Джеймс не чувствовал, что нуждался хотя бы в одном из друзей. На Спенсера злился из-за его неожиданной, но, что намного важнее, успешной, женитьбы, на Дункана – за кровное родство с девушкой. Это было глупо и совершенно несерьезно, но парень не мог усмирить в себе злости на обоих, а потому попросту пытался их избегать.

Поначалу вел себя со Спенсером непринужденно, но размовлка повисла между ними недосказанностью, что чувствовалась в напряжении. Джеймс избегал дальнейших распросов, что касались бы женитьбы друга, когда Спенс не произносил больше вслух имя Фреи, в чем не так уж тяжело было заметить намеренность. В то же время, когда друг начинал заводить речь о Рейчел или даже случайно упоминал её имя, Джеймс перебивал его, будто невзначай, переводя разговор в другое русло.

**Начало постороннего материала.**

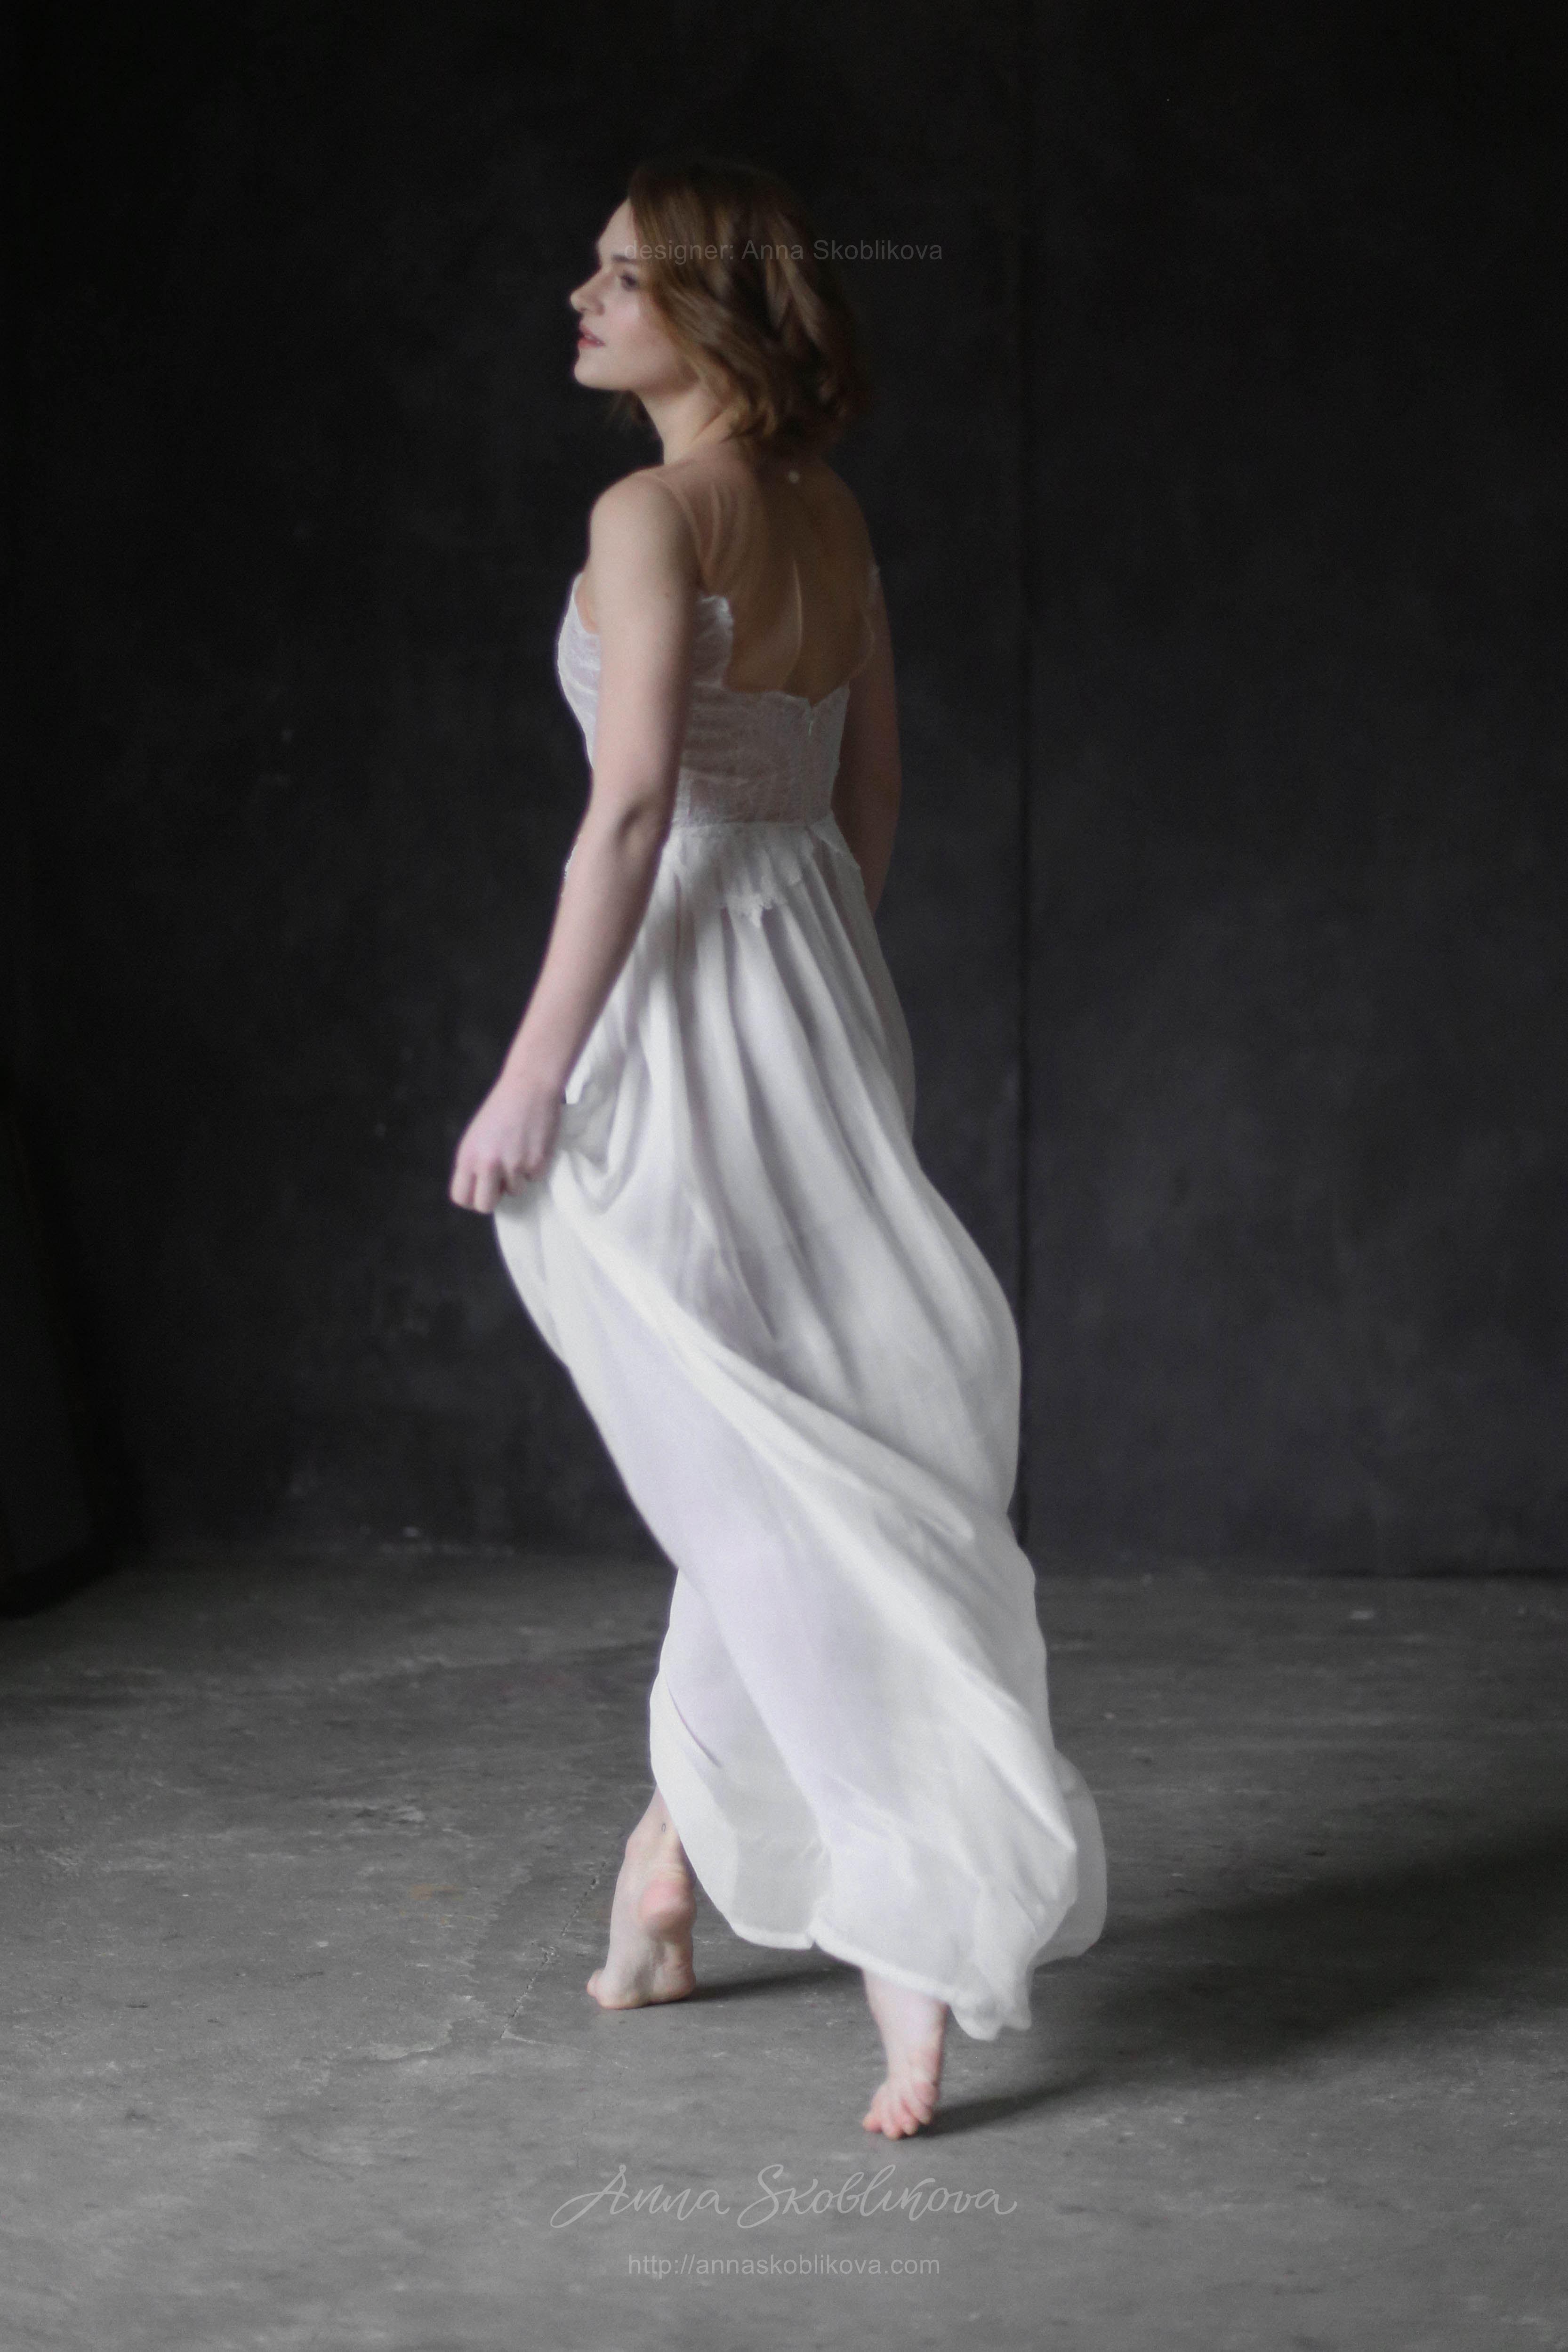 Вечерние и выпускные платья в Киеве фото цены - Салон Мадейра
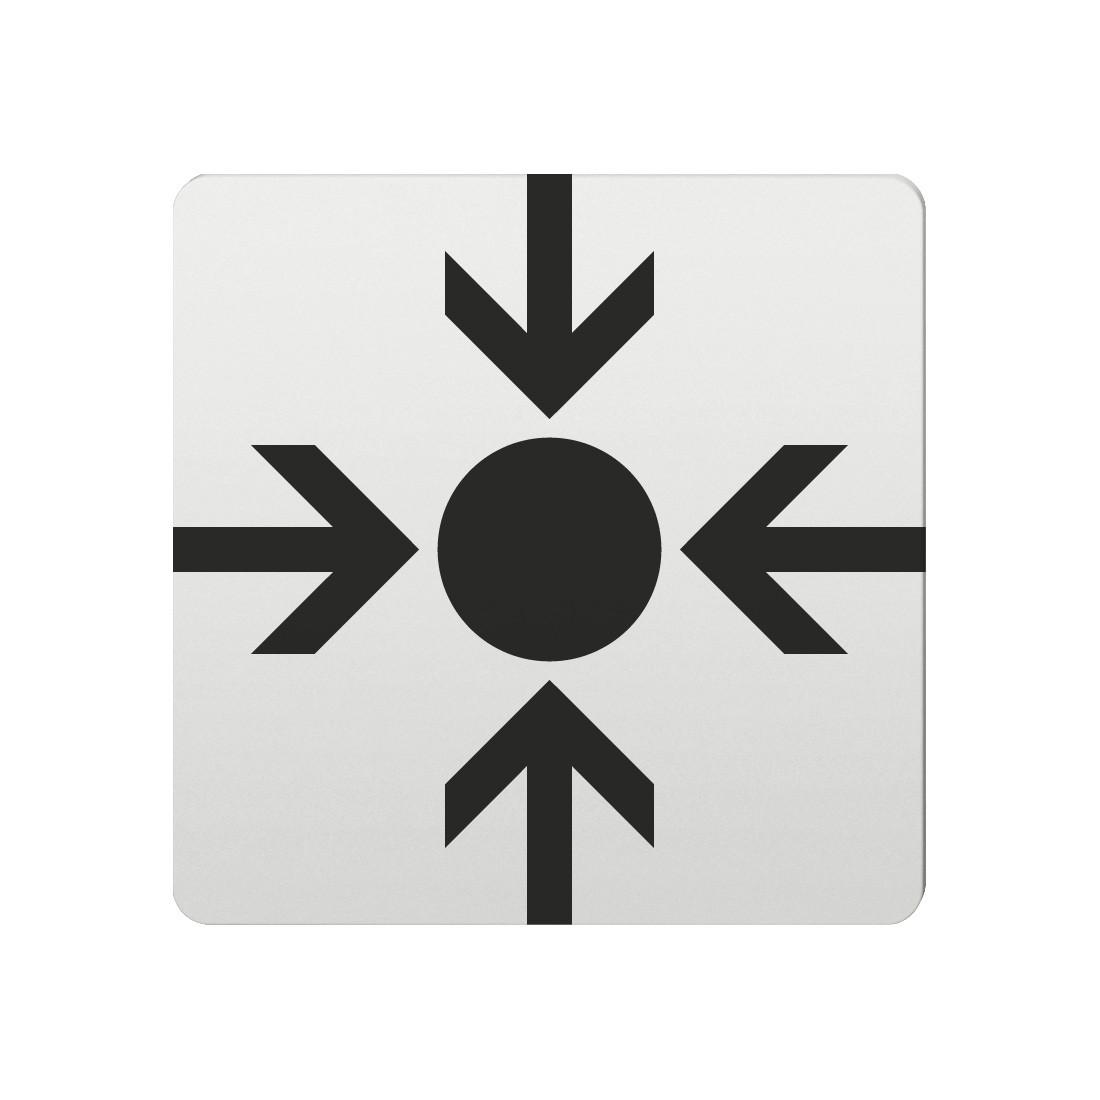 FSB Hinweiszeichen Treffpunkt Lasergraviert Aluminium naturfarbig (0 36 4059 00022 0105)

После возвращение Дункана всё стало иначе. Второго друга Джеймс просто начал избегать, будто в их размовлке с Фреей была и его вина. Намеренно просыпался раньше обоих друзей и исчезал на целый день, возвращаясь домой тихо, если те спали, или же, когда обоих могло не быть дома. Джеймс не хотел разговаривать с Дунканом, и это желание было решительным и упрямым, хоть и найти ему причину он не мог.

Спенсер пытался выведать у Дункана, в чем была причина странного поведения Джеймса, но тот лишь пожимал плечами. Дело было не во внезапном возвращении Джона, о котором все удачно забыли, не в Клариссе Кромфорд, разрушившей рождественский ужин для всей четверки, и не в Оливере, который был яростным противником их отношений. Успело случиться что-то ещё, когда они с Алиссой слишком увлеклись друг другом, чтобы заметить это. Перемены, как в Фрее, так и Джеймсе, были существенными, но причин тому не мог найти никто, пока они сами ни в чем не признавались.